Whereas the company offers both plastic and metal 3D printing, taking advantage of all their available technologies, Martin and Stump indicated that they are witnessing massive growth on the metal side. Also, SLS explicitly attracts a significant share of their business.

“The market is changing. We reached the next industrial revolution with industry 4.0, and consumers are more demanding than ever. Fortune 500 companies have to produce higher functioning products that are differentiated to compete in the marketplace, so designs are getting more complex, plus supply chain simplification and consolidation is a big issue, as is the use of automation, robotics, and 3D printing. Overall, we see a tremendous opportunity in the convergence of additive with traditional manufacturing to push the constraints of manufacturing for our customers’ design specifications,” Stump went on.
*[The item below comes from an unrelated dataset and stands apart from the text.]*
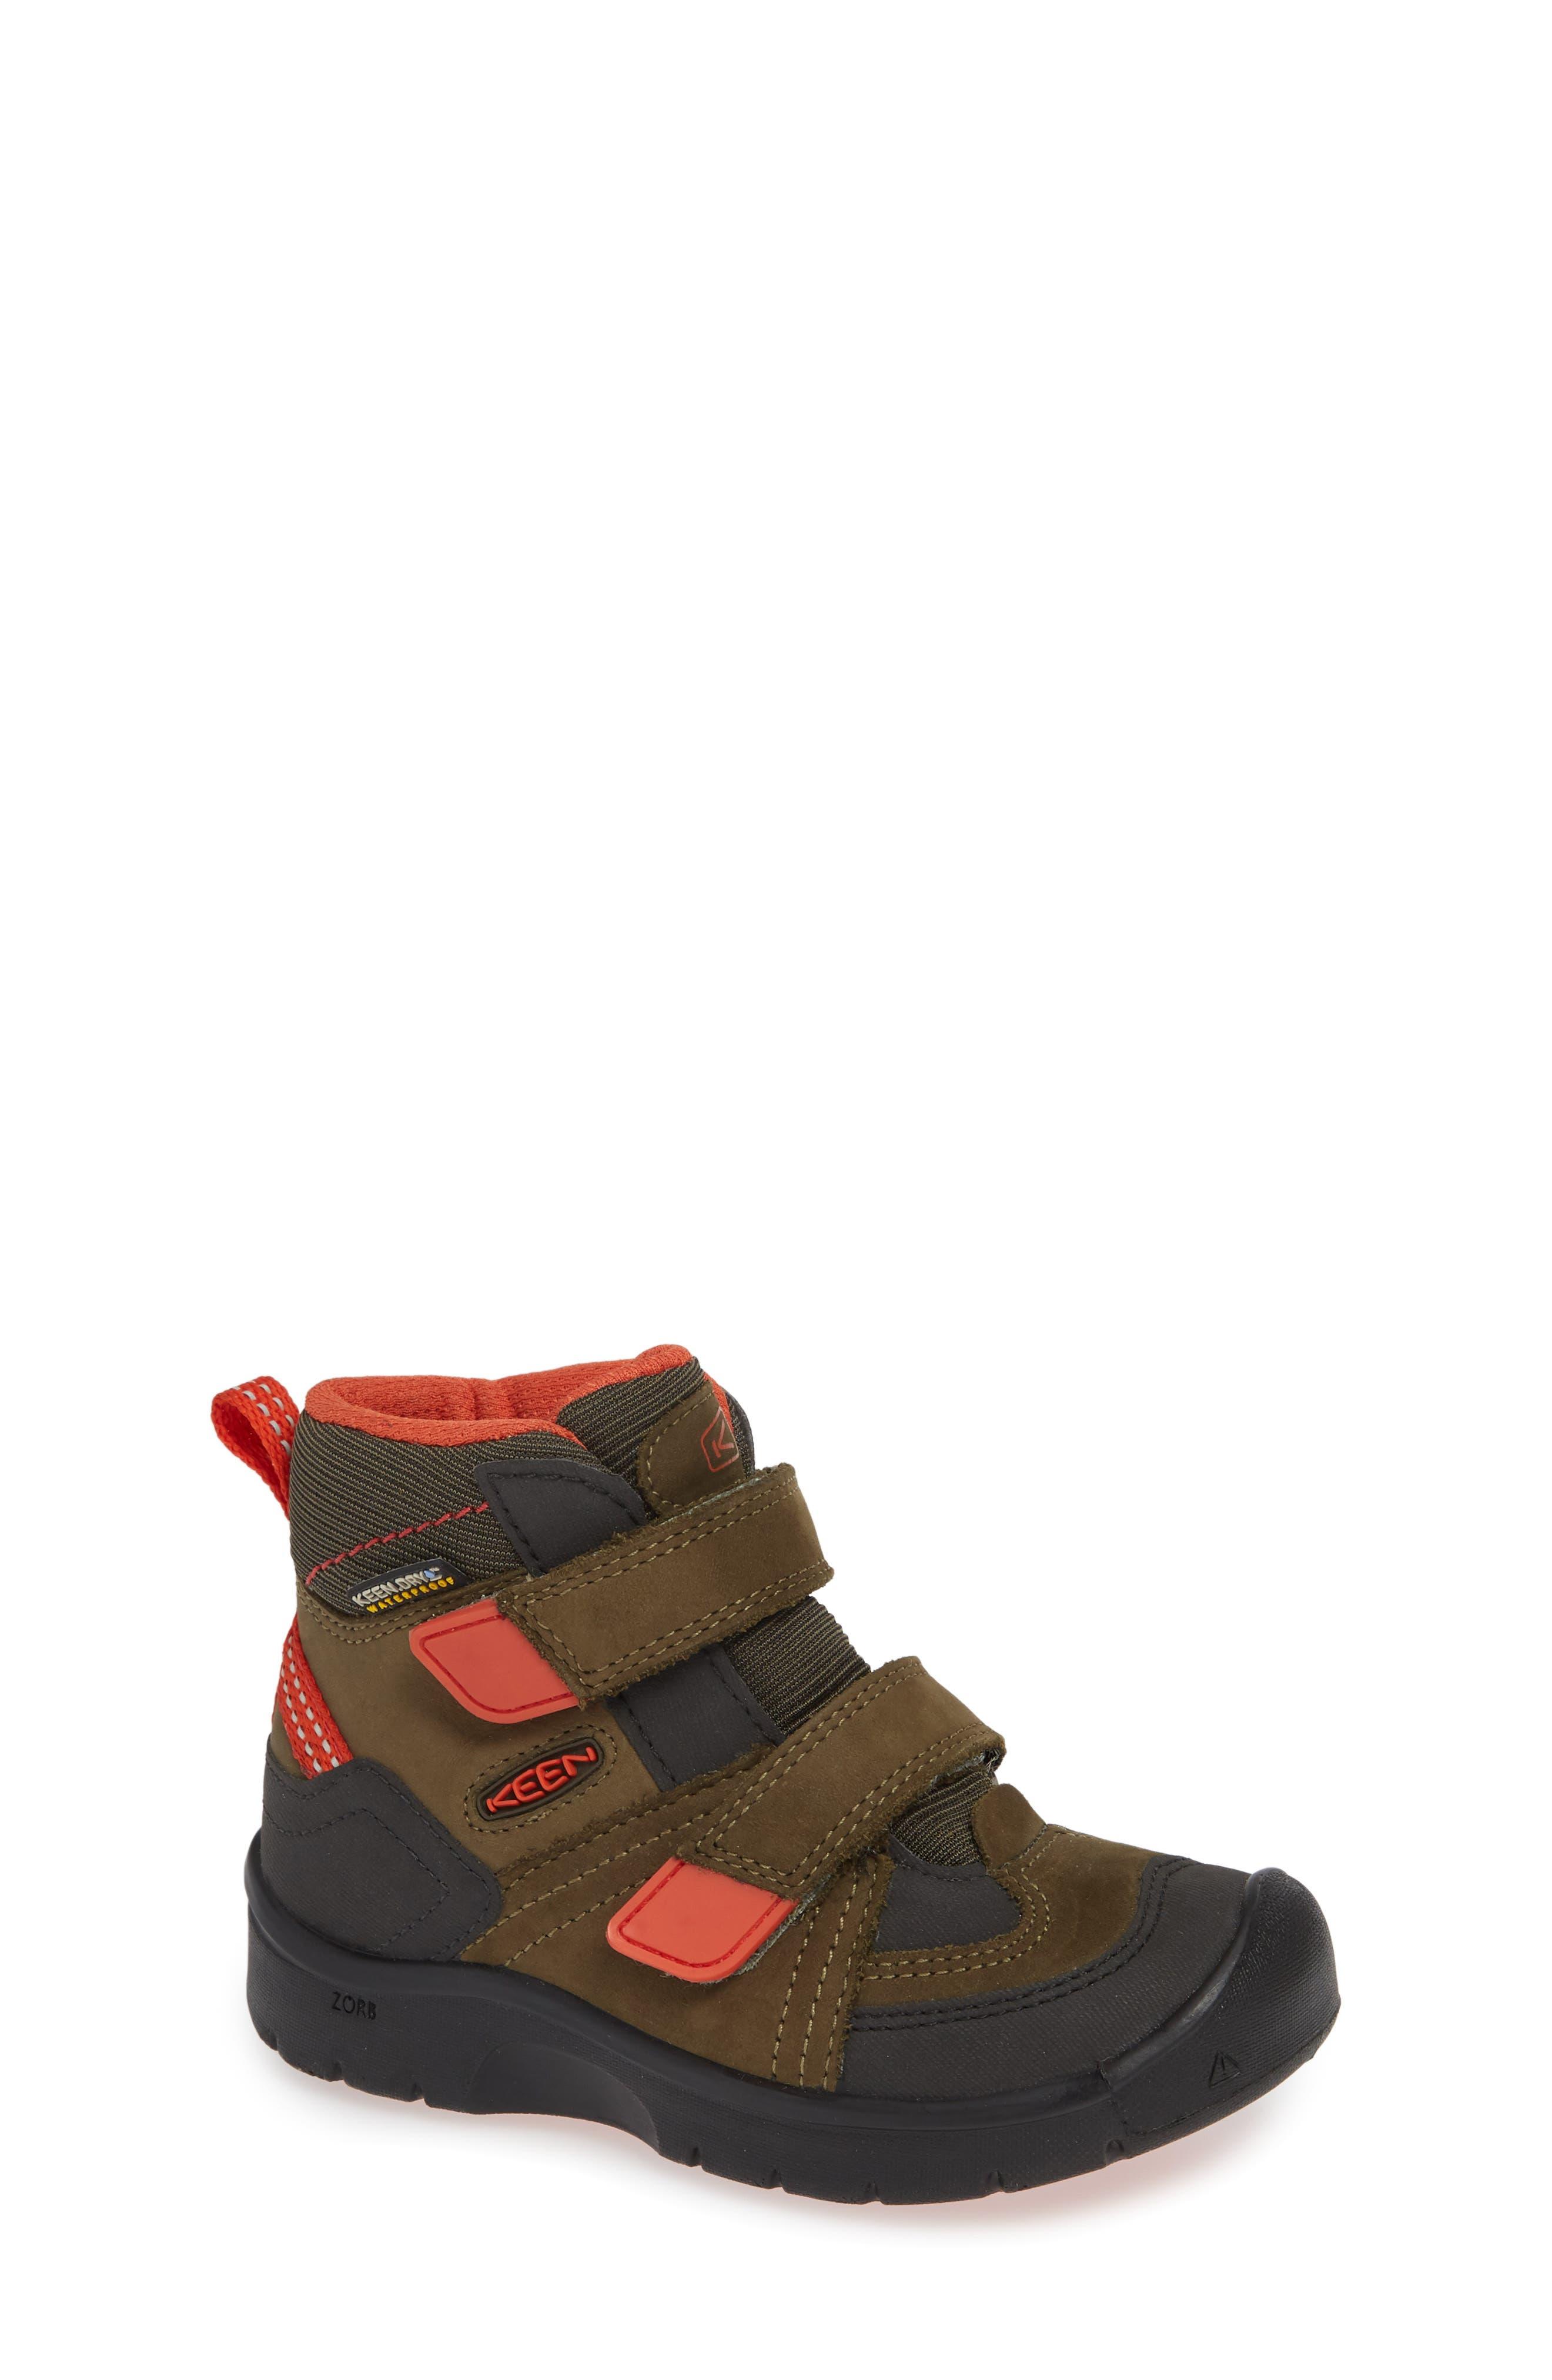 Hikeport Strap Waterproof Mid Boot,                             Main thumbnail 2, color,
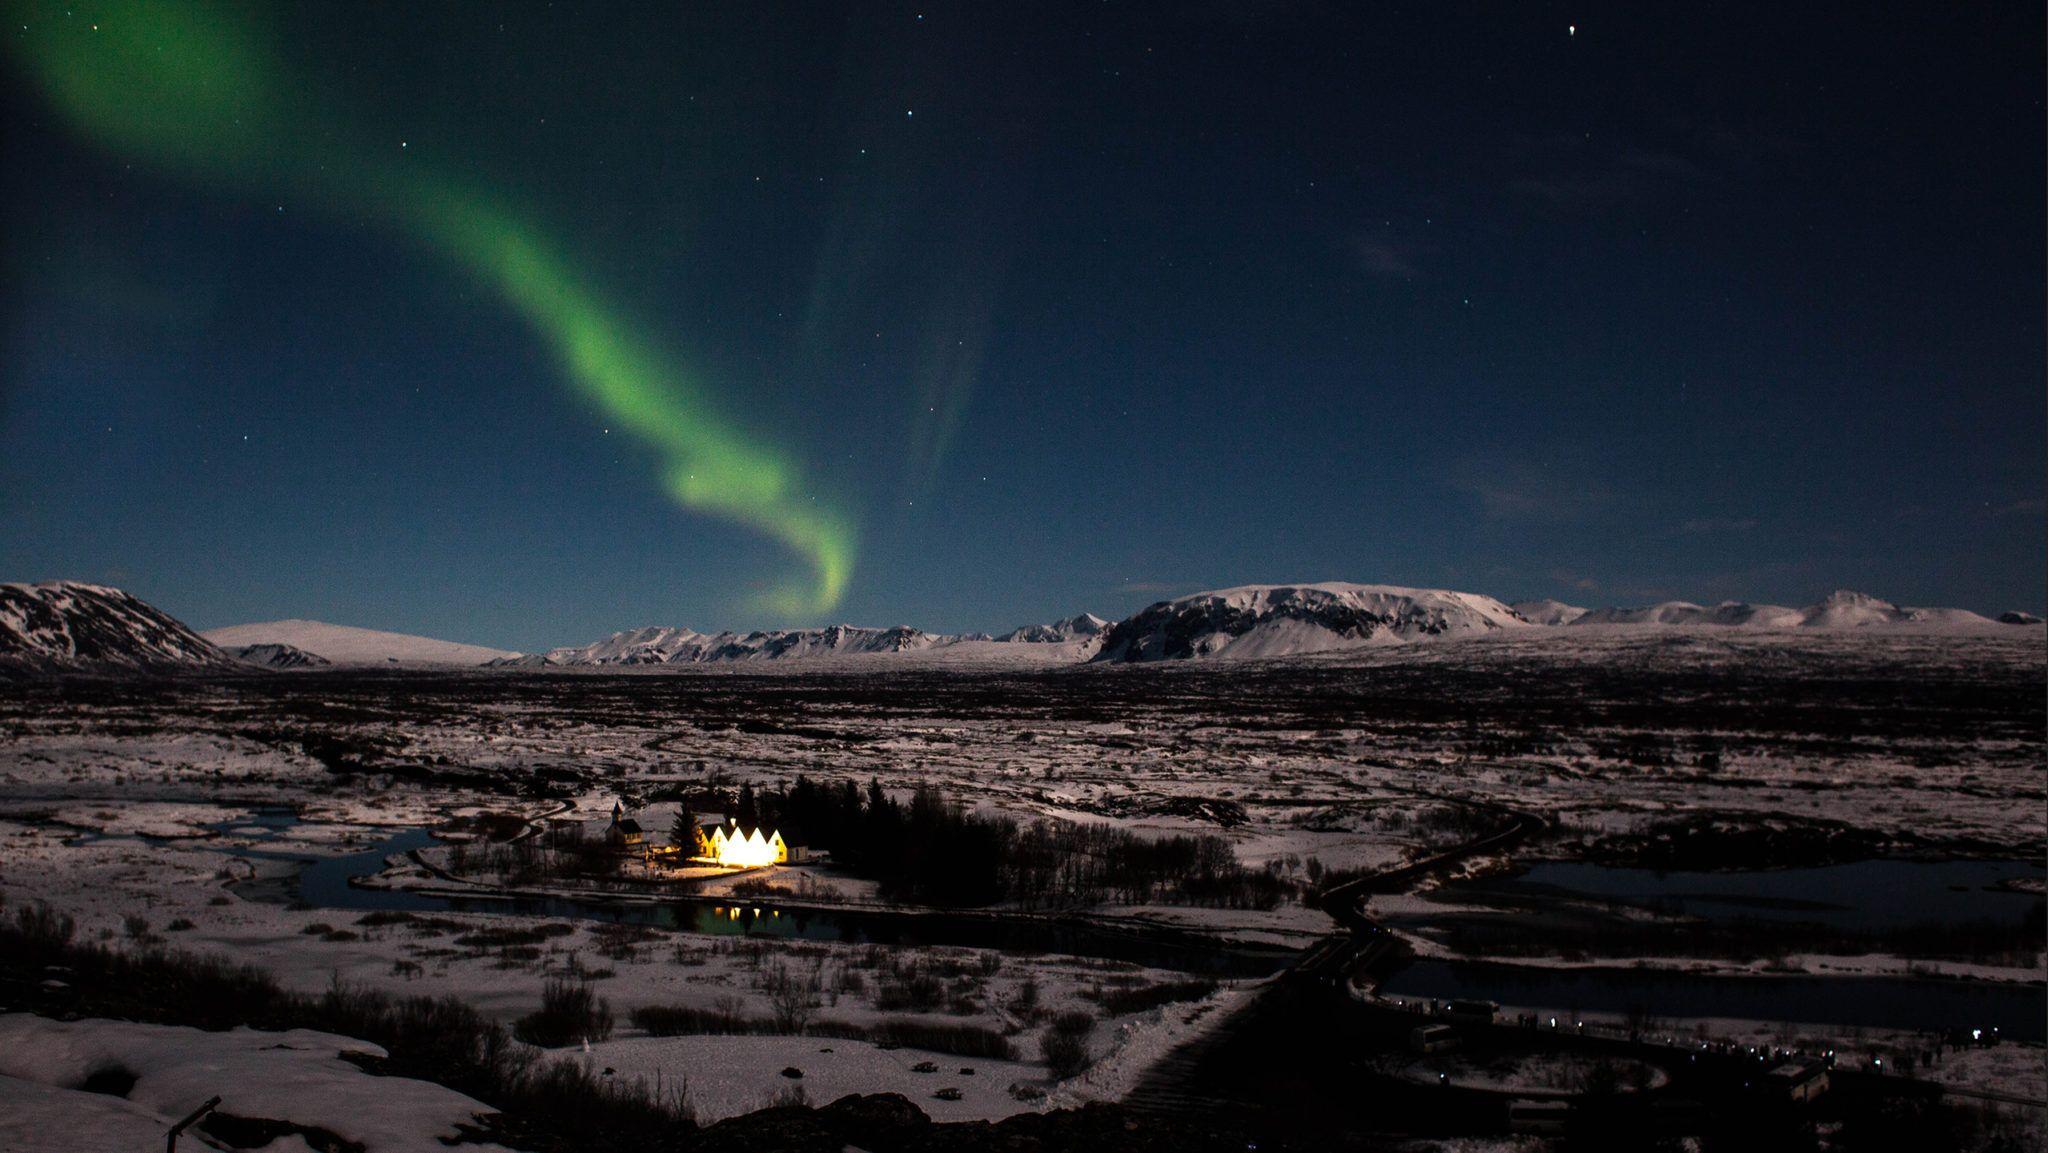 Aurora borealis over Þingvellir National Park during winter in Iceland

Fathom Manufacturing facility at Hartland, Wisconsin headquarters. Image courtesy of Fathom Manufacturing.

Fathom approaches the new deal from a financially strong position, generating $149 million in revenue in 2020 and witnessing continued growth in 2021 from a top-line perspective. Upon closing the transaction, Fathom’s senior management will continue to serve in their current roles, including Martin as CEO, Stump as Chief Commercial Officer, and Mark Frost as Chief Financial Officer. Additionally, the company’s board will include former executives at leading manufacturing companies such as General Electric, 3M, Ingersoll Rand, and Chrysler. With Stifel and J.P. Morgan Securities as joint financial advisors, the business is on track to become publicly listed on the NYSE.